Exercise brief:
Once you find the line with "Ingredients for a caramel apple pie." in the data below, transcribe exactly each line from there to the line with "Fabric Rolf Benz", inclusive, and nothing else. Drop the pictures.

Provided information:
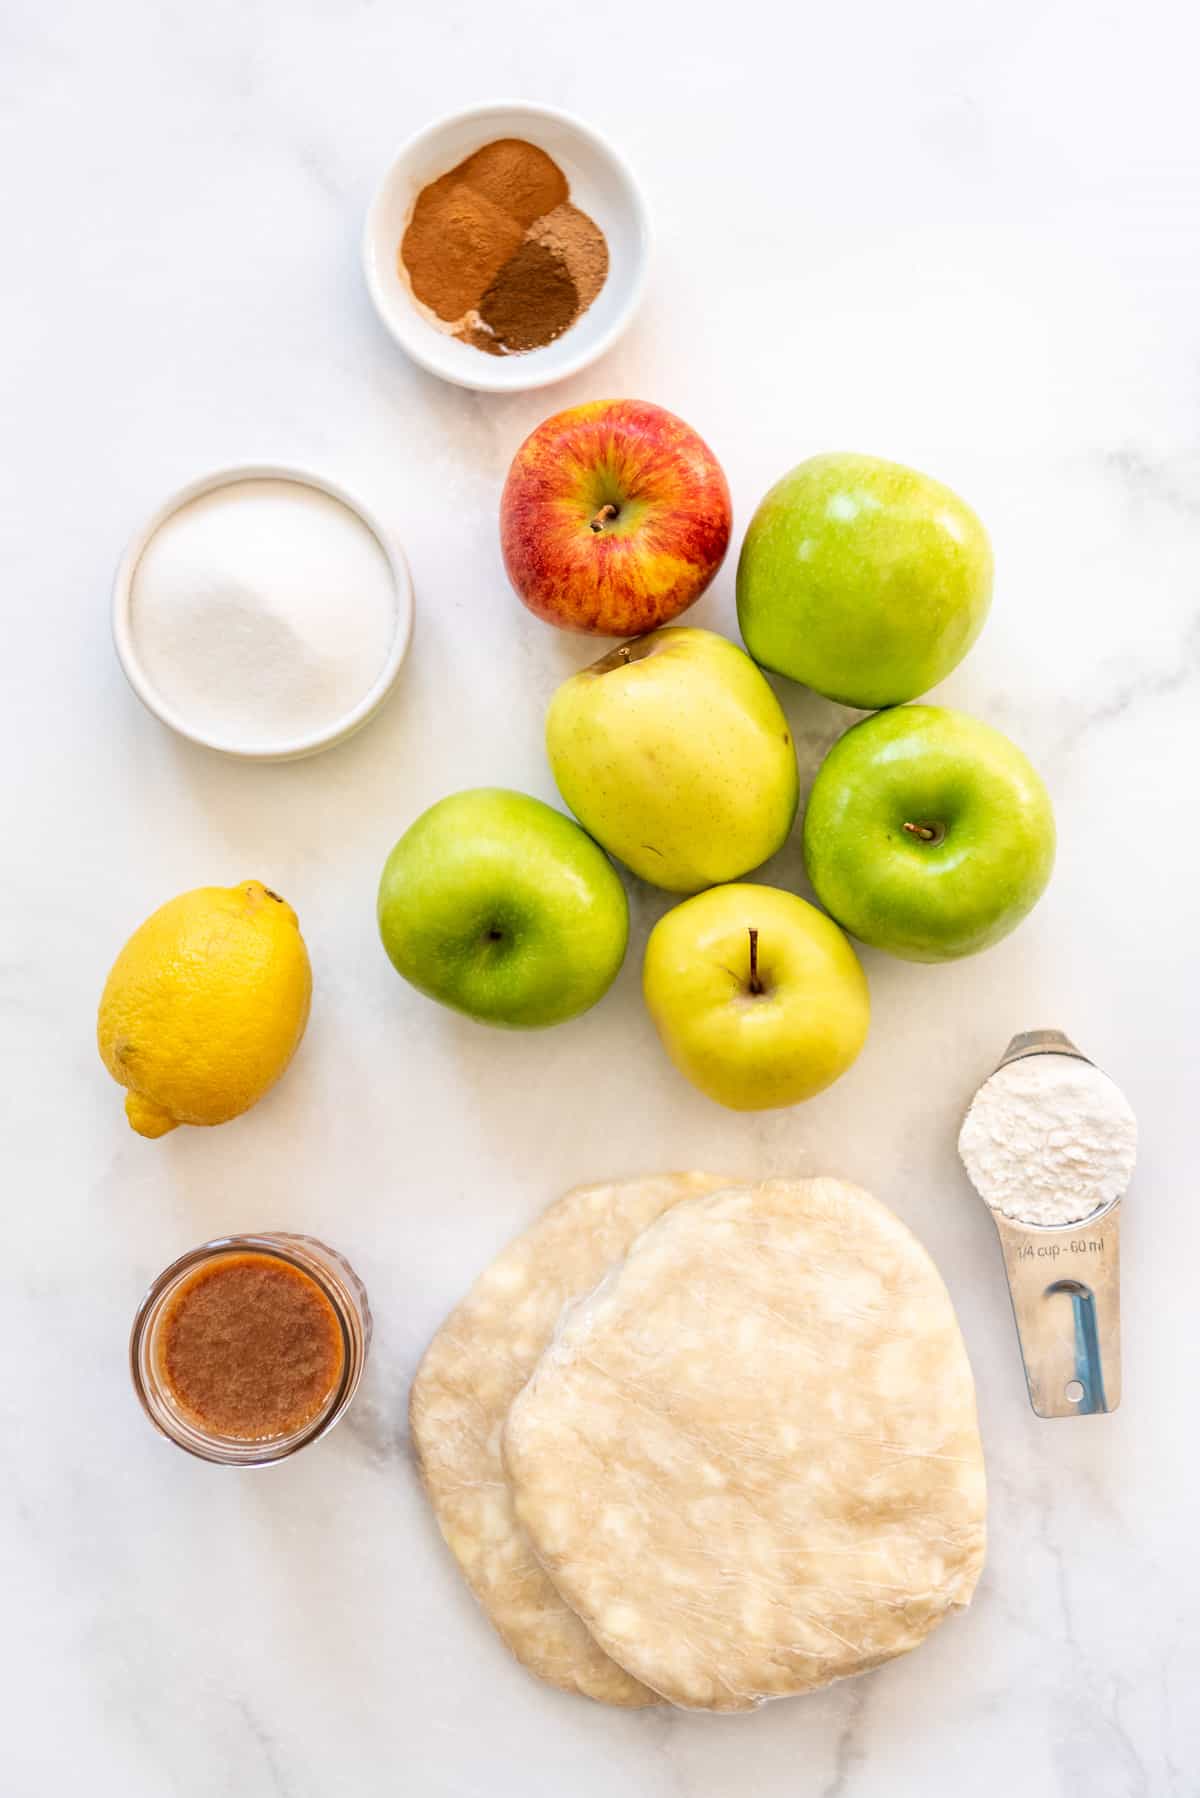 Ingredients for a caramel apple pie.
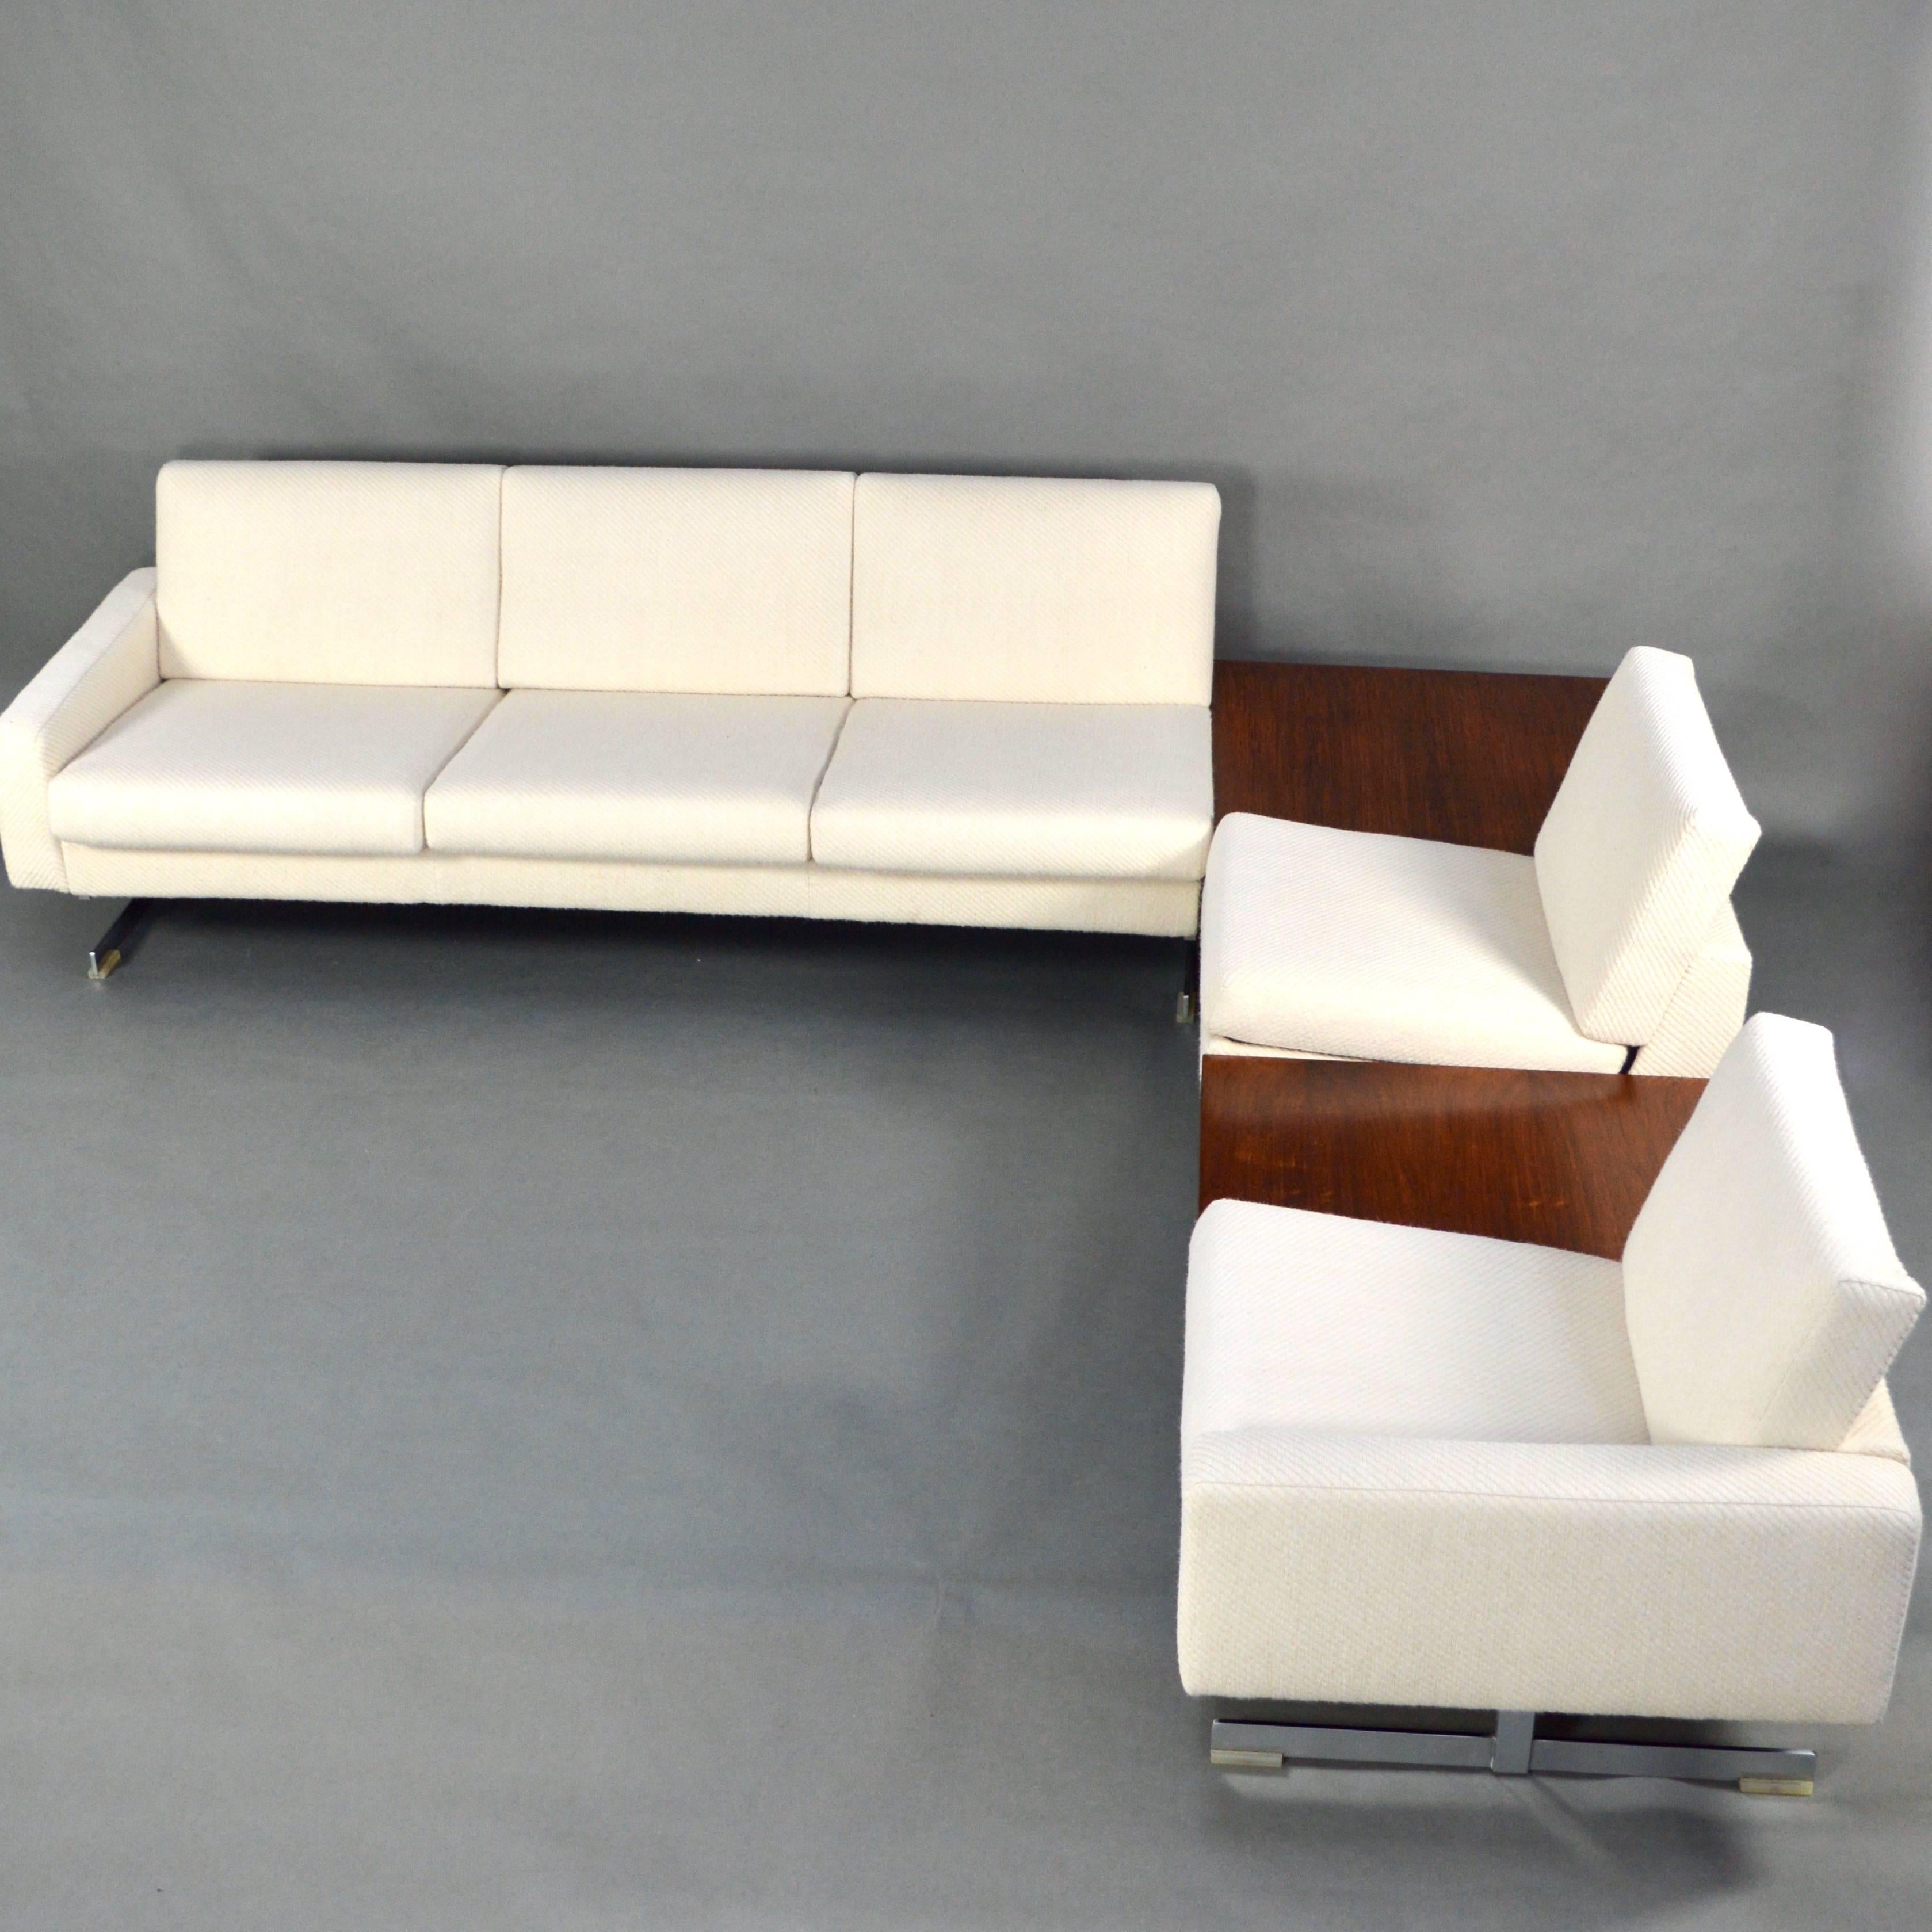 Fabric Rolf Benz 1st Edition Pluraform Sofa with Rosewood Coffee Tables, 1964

...

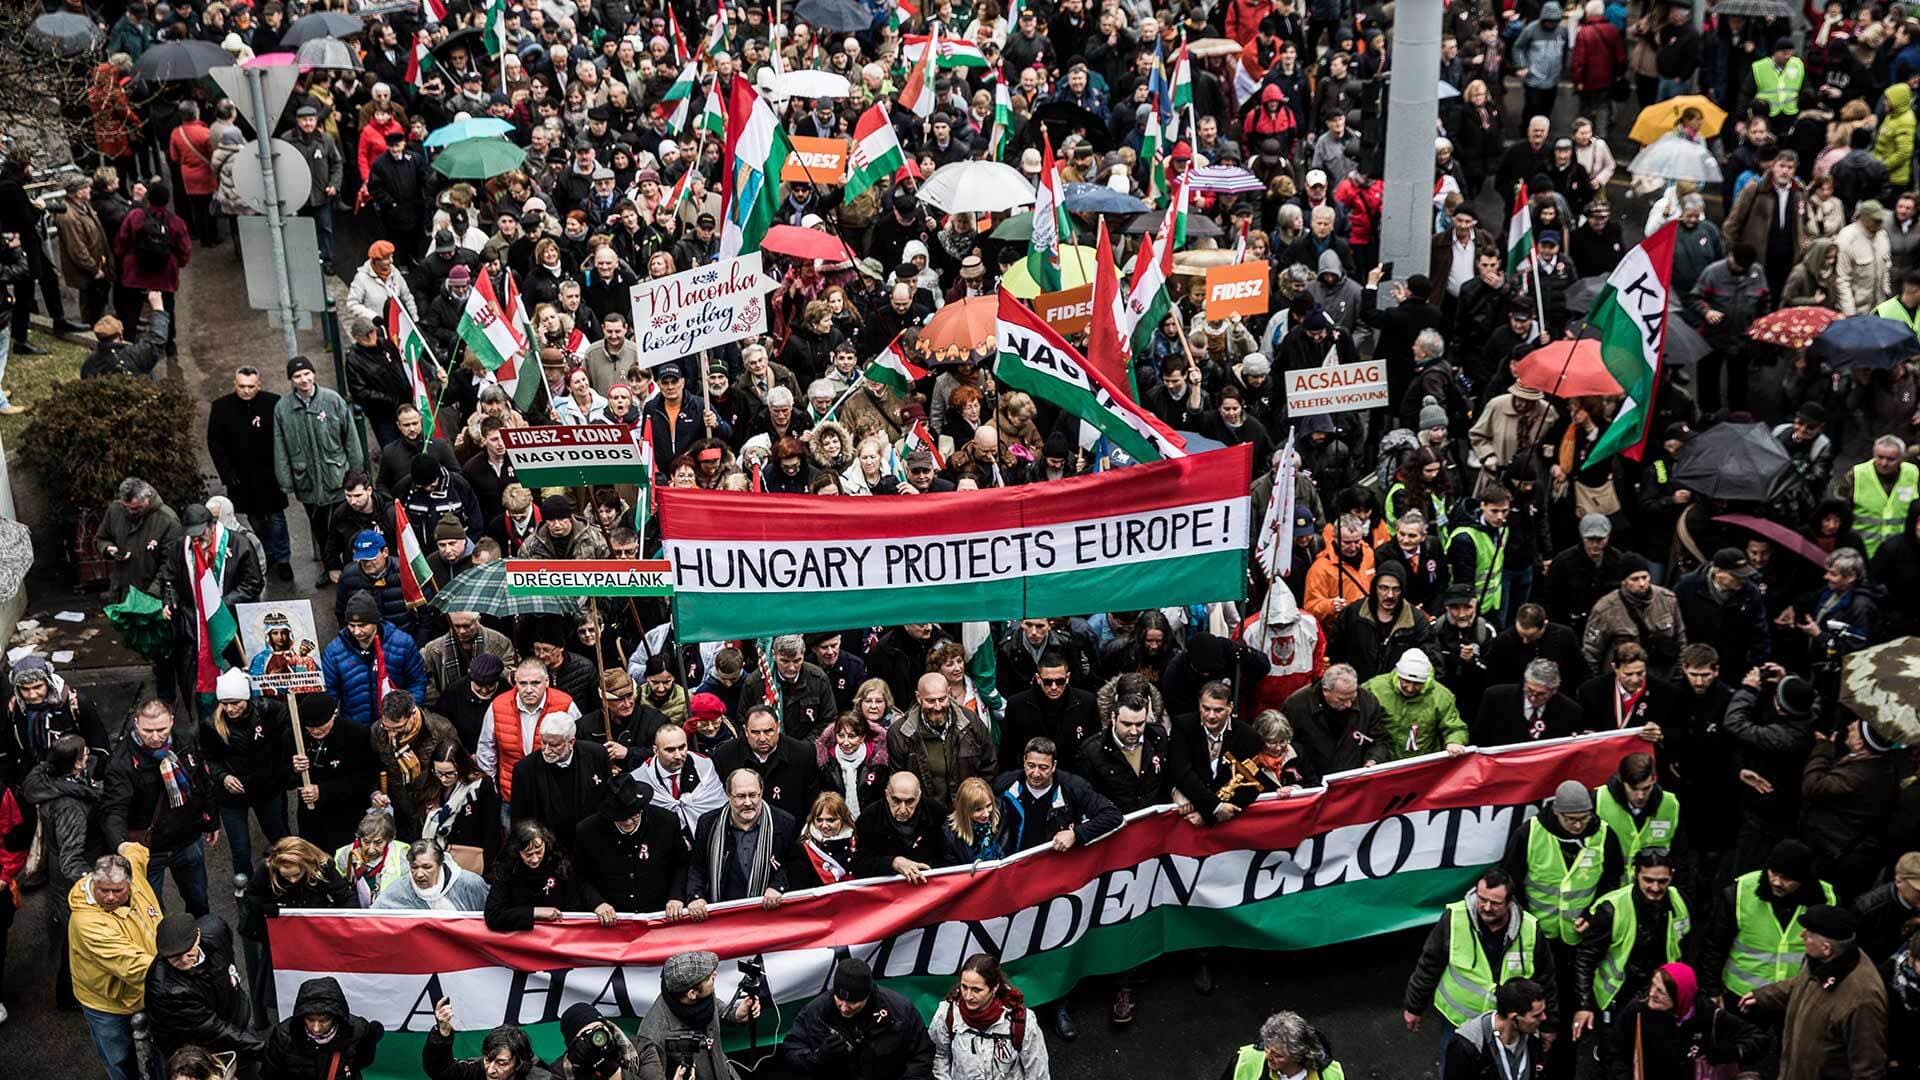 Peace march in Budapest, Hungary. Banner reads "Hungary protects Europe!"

Response for this exercise:
 Ingredients for a caramel apple pie.
 Fabric Rolf Benz 1st Edition Pluraform Sofa with Rosewood Coffee Tables, 1964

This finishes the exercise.